Pictures are not part of the copy; reproduce the remaining data exactly.
START RECORDED INFORMATION
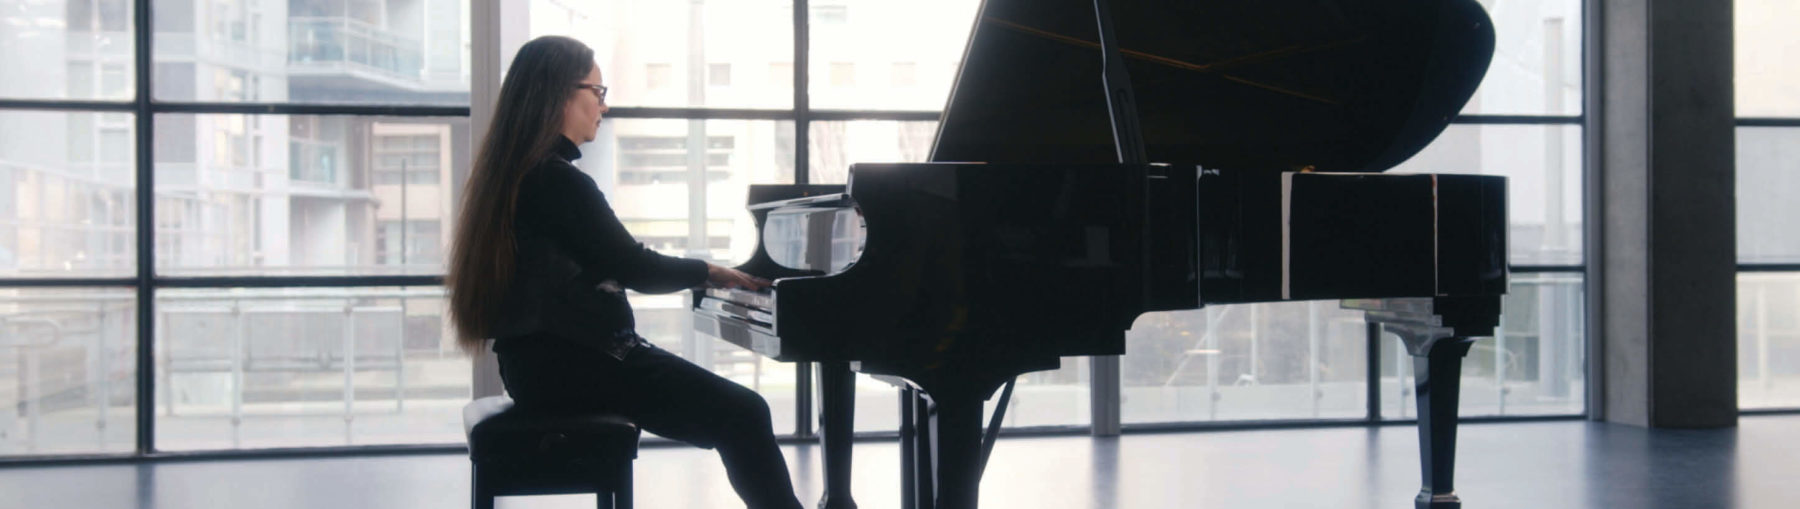 Rachel Kiyo Iwaasa playing the piano
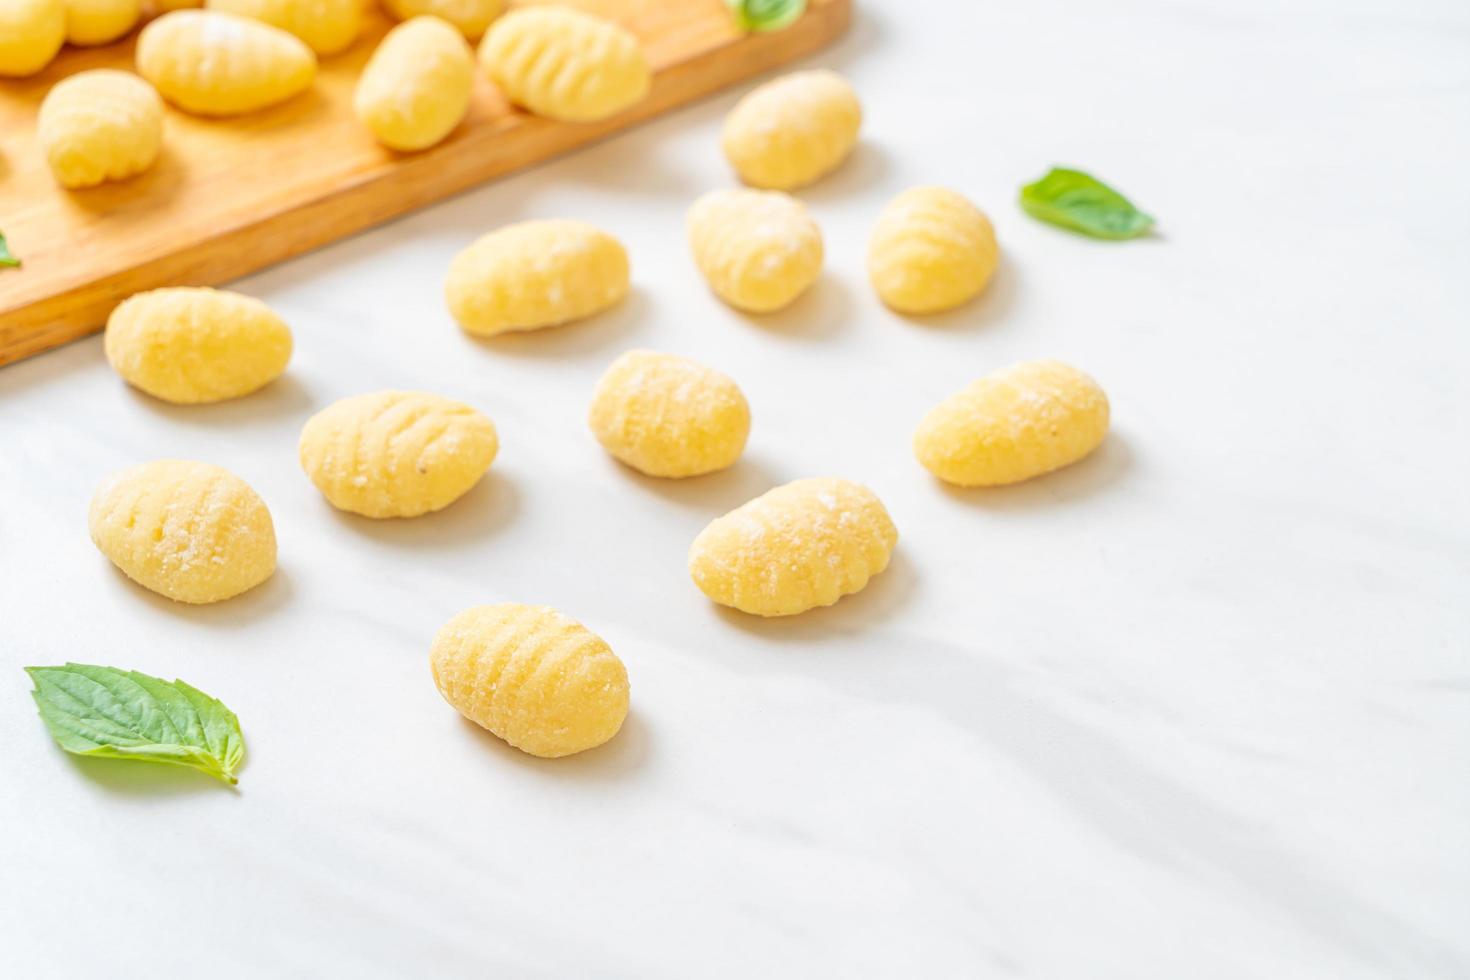 traditionele Italiaanse gnocchi-pasta ongekookt foto
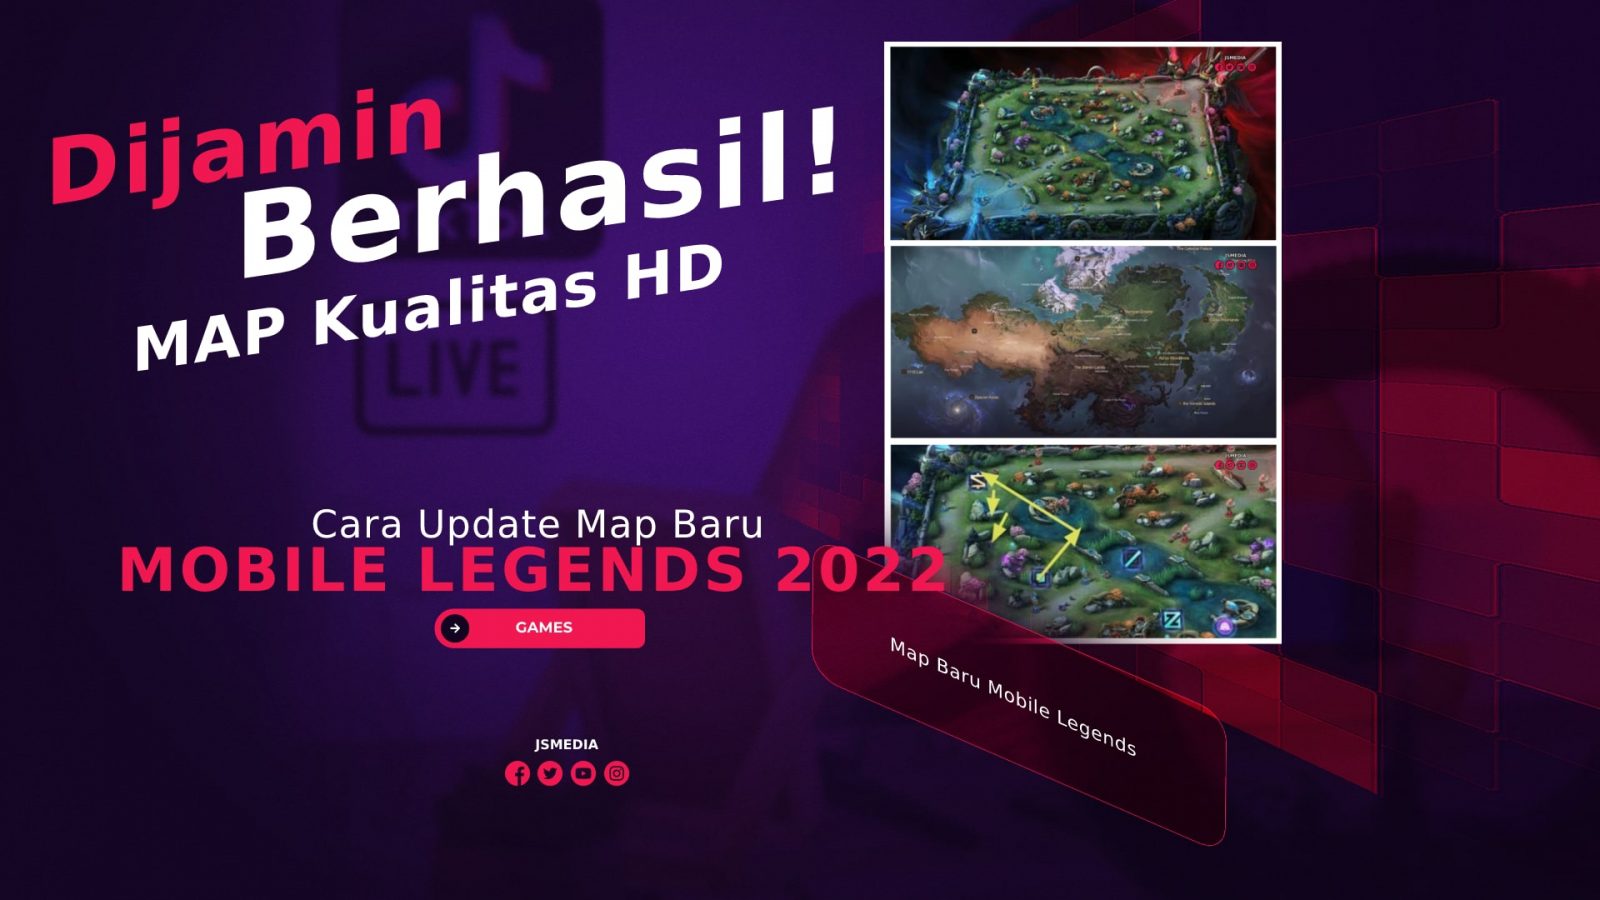 Cara Update Map Baru Mobile Legends 2022: Dijamin Berhasil!
END RECORDED INFORMATION
▶ **ANSWER BELOW**:
 Rachel Kiyo Iwaasa playing the piano
 traditionele Italiaanse gnocchi-pasta ongekookt foto
 Cara Update Map Baru Mobile Legends 2022: Dijamin Berhasil!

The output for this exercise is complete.